Off topic, but kudos to you!


----------



## Minnesota Marty (Feb 11, 2014)

mass_burner.  You are on the right track.  Foaming the rim joist. Open cell or closed cell in a rim joist application IMO doesn't matter. The R-20 is excellent.  Closed cell will get you a little more but at probably a higher cost. WIll you recover that cost ?  Without knowing other factors hard to tell. Insulating the rim joist is one of the most important things one can do as a retro-fit on tightening up the envelope. 
Here is where I  beg to differ with you.  Not sure where the frost line is where you are.  Here in Central Minnesota our frost line is 42" down.  Below that the earth is acting as an insulator only to about 40 - 45 degrees.  Above that you need insulation to stop the cold from coming thru the concrete.  Ideally, foam on the exterior to stop the cold from even getting into the concrete is the ticket. But, since you don't want to dig up around your house to foam it so stop the cold with foam on the inside.
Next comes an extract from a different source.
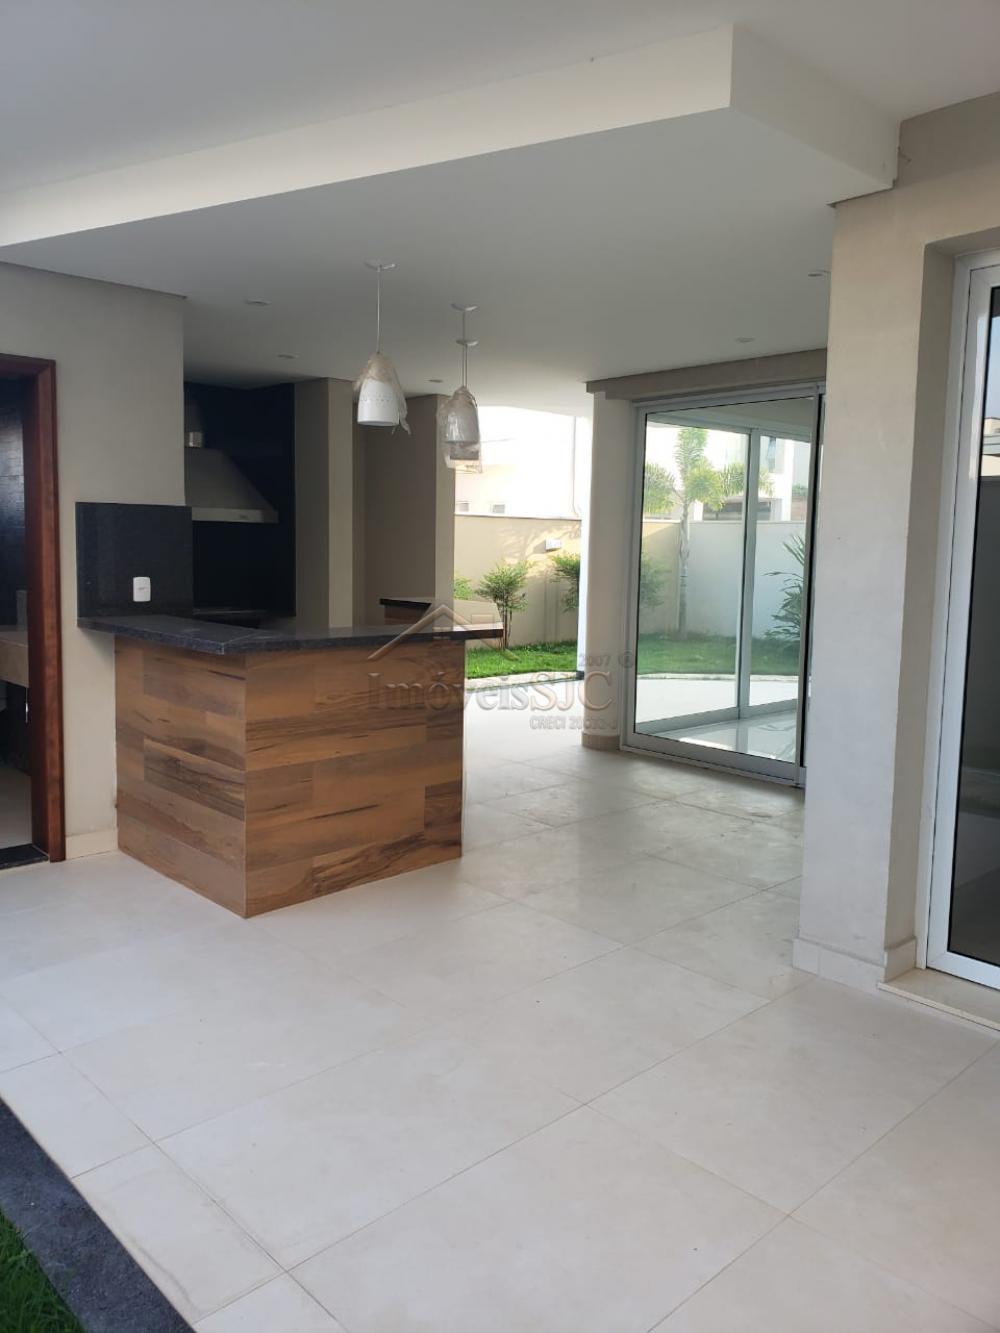 Comprar Casas / Condomínio em São José dos Campos apenas R$ 2.200.000,00 - Foto 26

Trying to achieve at least an R-10 on the walls would be money well spent. 
I have been a Contractor for 30 years and spending money on the envelope above and below grade is direct fuel savings. There are numerous sites to help you learn about tightening up the envelope.  One motto i try to impress on my clients is, "insulate tight and ventilate right".


----------



## semipro (Feb 11, 2014)

mass_burner said:


> They also included
> Kraft faced fiberglass batts for the rest of the ceiling, but I'm holding off on this for now. I don't think I want a traditional ceiling in there when I finish it, more of a modern industrial look and the batts would conflict with that I think.
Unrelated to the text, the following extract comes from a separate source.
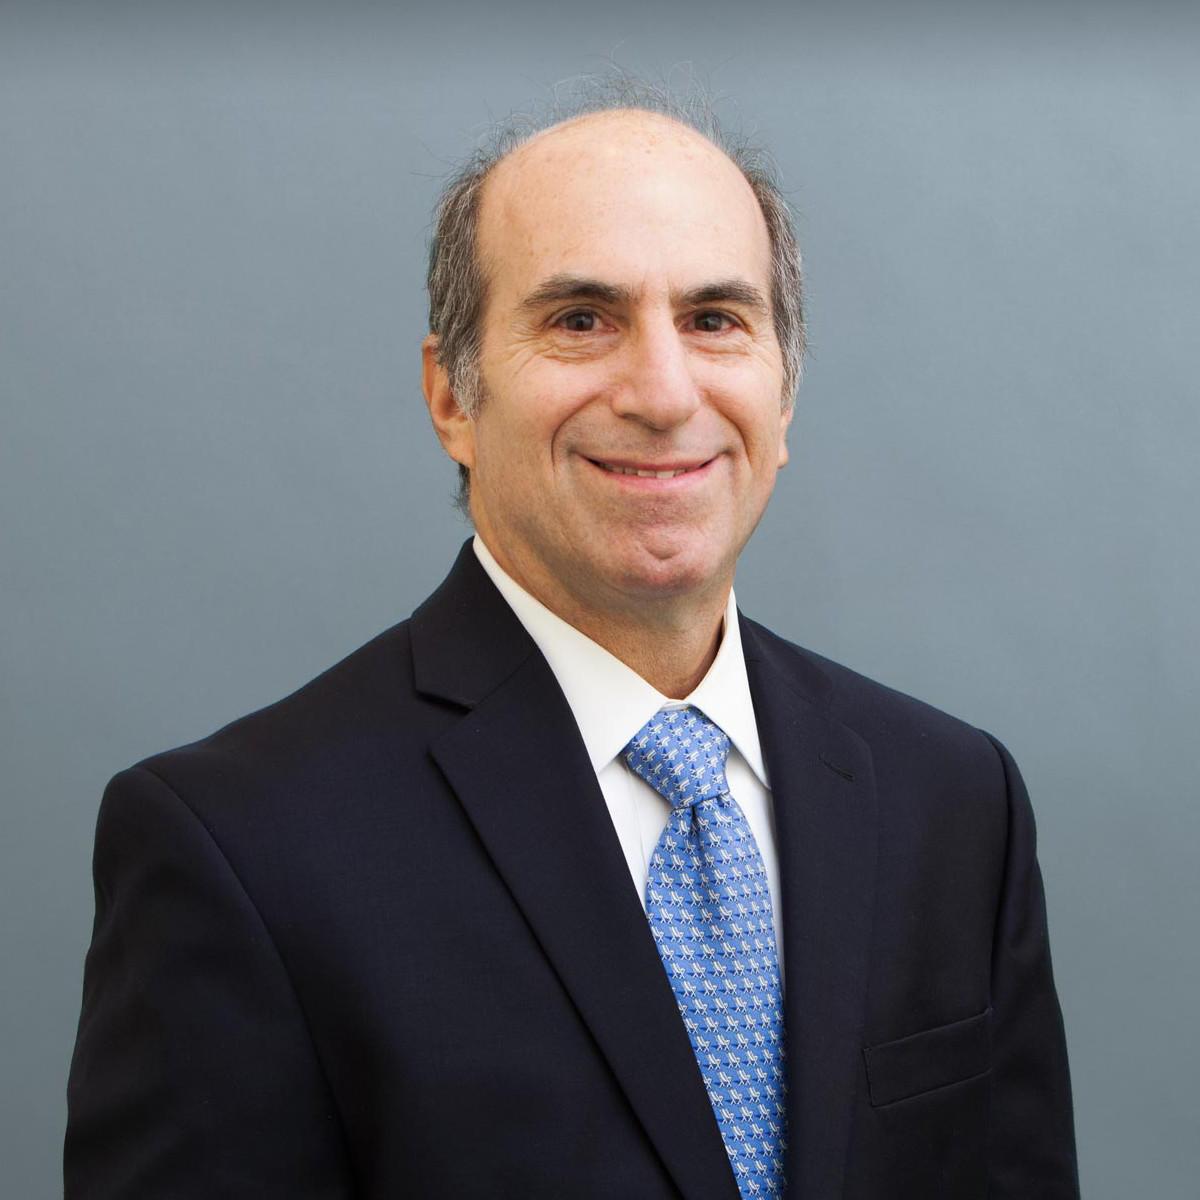 Steven J. Ravich, MD

Unless the fiberglass batts are in intimate contact with the floors above they won't do much good.  This can be tough to do from below.   You could install EPS or XPS board to the bottom of the floor instead of the batts.


----------



## mass_burner (Feb 11, 2014)

Minnesota Marty said:


> Below that the earth is acting as an insulator only to about 40 - 45 degrees. Above that you need insulation to stop the cold from coming thru the concrete. Ideally, foam on the exterior to stop the cold from even getting into the concrete is the ticket. But, since you don't want to dig up around your house to foam it so stop the cold with foam on the inside. Trying to achieve at least an R-10 on the walls would be money well spent.


 

I want to do this gradually and see the performance. To start with, the temp has never been below 56d in the basement, even on a -14 night when the furnace has not been running all day. Its pretty much 60-65d on the hottest, most humid day also. I keep a dehumidifer running year round. It also has a large open fireplace which I plan to throw an insert in later.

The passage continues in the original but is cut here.